Springfield is an unincorporated community in Fairfax County, Virginia, United States. The common definition of Springfield is the four ZIP codes that use Springfield in their mailing addresses (22150, 22151, 22152, 22153). Together, they had a population of 108,621 as of the 2020 Census. (This should not be confused with the narrowly-defined Springfield census-designated place with a population of 31,339.) Springfield is a part of Northern Virginia, the most populous region of the Washington Metropolitan Area.

==Geography==
Springfield is located at (38.779238, −77.184636).

According to the United States Census Bureau, the CDP has a total area of 7.9 square miles (20.4 km^{2}), of which 7.9 square miles (20.3 km^{2}) is land and 0.04 square mile (0.1 km^{2}) (0.49%) is water.

The area is dominated by the interchange of I-95, I-395, and the Capital Beltway (I-495), known as the Springfield Interchange. The center of the town is at the intersection of Route 644 (Old Keene Mill Road / Franconia Road) and Route 617 (Backlick Road) adjacent to the interchange. A significant commercial district exists around the interchange area, but the rest of the community is primarily residential in character.

According to the U.S. Postal Service, Springfield collectively has four ZIP codes:

- 22150 (often unofficially referred to as Central Springfield)
- 22151 (North Springfield)
- 22152 (West Springfield)
- 22153 (West Springfield/Newington Forest)

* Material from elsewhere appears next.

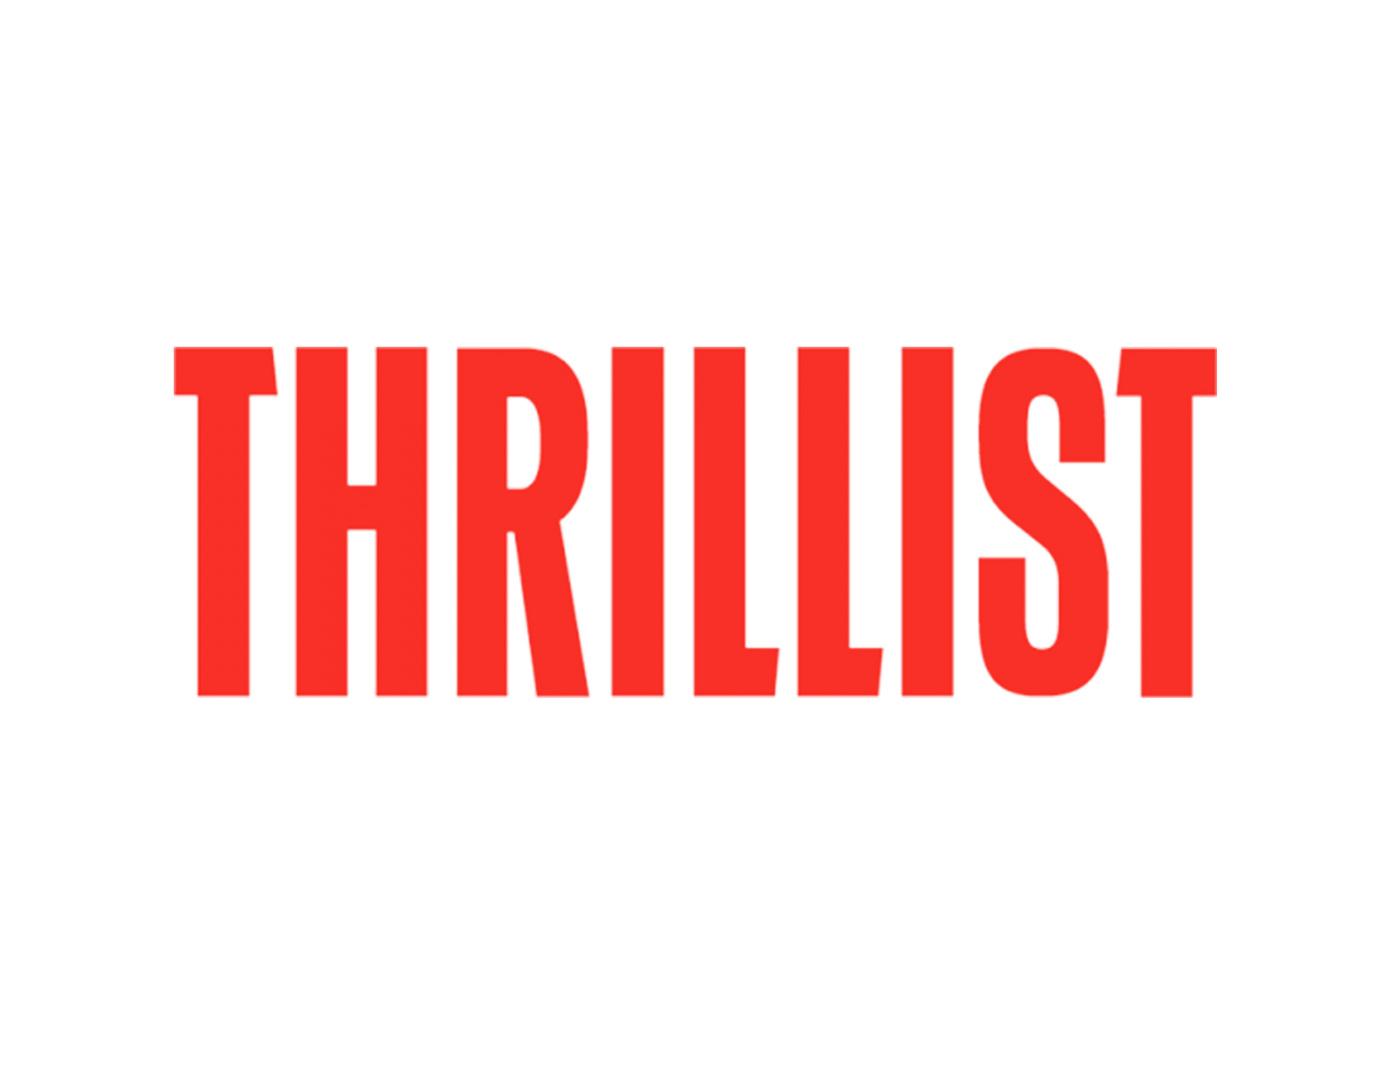 Thrillistlogo.png

The following are total area, water area, and land area statistics (in square miles) for the four Springfield zip codes:

| Zip code | Total area | Water area | Land area |
|---|---|---|---|
| 22150 | 7.88 sq mi. | 0.01 sq mi. | 7.87 sq mi. |
| 22151 | 5.28 sq mi. | 0.17 sq mi. | 5.11 sq mi. |
| 22152 | 6.16 sq mi. | 0.00 sq mi. | 6.16 sq mi. |
| 22153 | 8.36 sq mi. | 0.06 sq mi. | 8.30 sq mi. |
| Total | 28.50 sq mi. | 0.24 sq mi. | 28.27 sq mi. |

==History==
===19th century===
A saw and grist mill was constructed in the vicinity of present-day Springfield between 1796 and 1800. Owned by James Keene, it gave its name to today's Old Keene Mill Road. The mill served farms in the area for around sixty years before its discontinuation when William H. Keene was convicted and imprisoned for the 1855 murder of Lewis Quincy Hall. Nothing remains of it today save for two mill races.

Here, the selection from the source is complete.